IsotropicRank4Tensor — Representations of an isotropic 4th rank tensor.


Subclasses are listed as they appear in the GUI and (in parentheses) as they appear in scripts.


The IsotropicRank4Tensor represents rank 4 tensor properties which are rotationally invariant, such as isotropic elasticity. The isotropic rank 4 tensor has two independent components, as shown in Figure 6.56. Because the elasticity literature uses many different representations of these two components, OOF2 allows you to enter the tensor in a variety of formats.

[Note] Note

The word rank has different meanings in different fields. Here it means the number of indices on a tensor. \(C_{ijkl}\) is a rank 4 tensor.

Figure 6.56. Structure of an Isotropic Fourth Rank Tensor

Isotropic rank 4 tensor diagram

Structure of an isotropic rank 4 tensor. For an explanation of the symbols, see Figure 6.57.

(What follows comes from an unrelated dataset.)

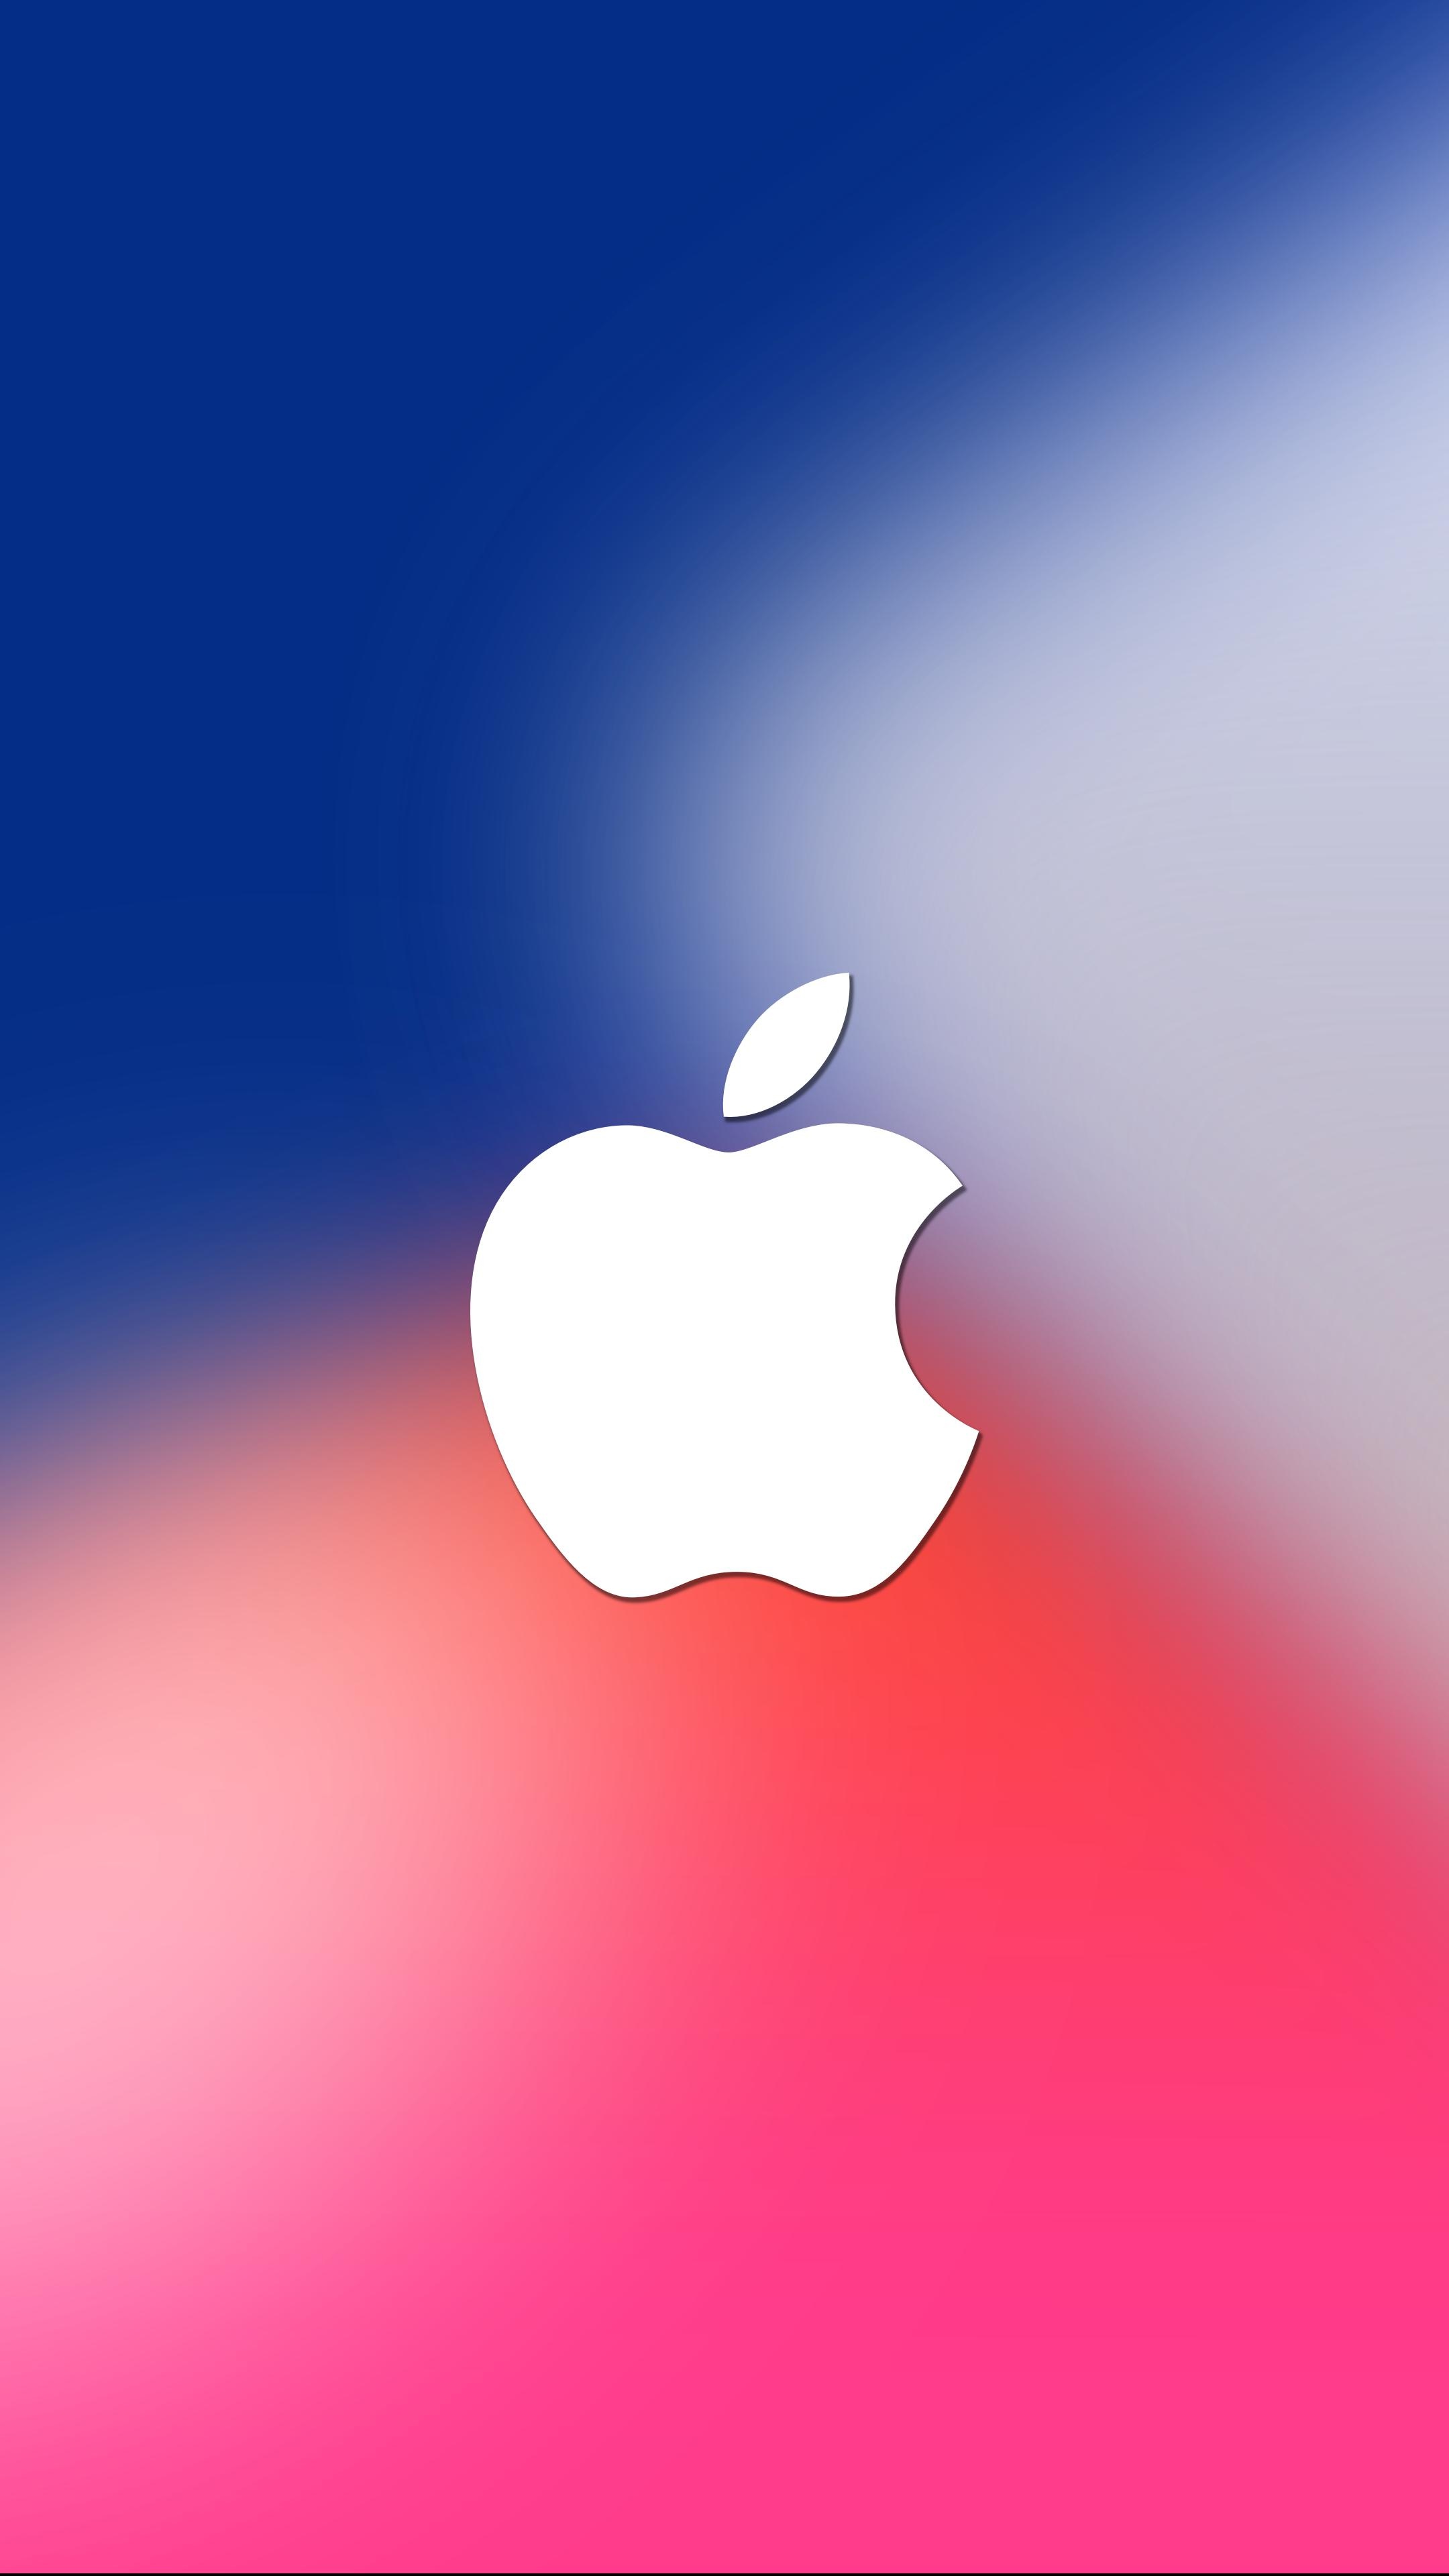 iMac Logo, High-resolution visuals, Apple brand recognition, Stunning graphics, 2160x3840 4K Handy

Figure 6.57. Key to the Tensor Diagrams

Key to the Tensor Diagrams

Symbols used in the tensor diagrams. The symmetries of symmetric fourth rank tensors, \(C_{ijkl}\), allow them to be displayed as second rank tensors, \(C_{IK}\), where \(I\) is the Voigt notation for \(ij\) and \(K\) is the Voigt notation for \(kl\). To keep things simple(?), the diagrams use Voigt notation for the columns and \(ij\) notation for the rows.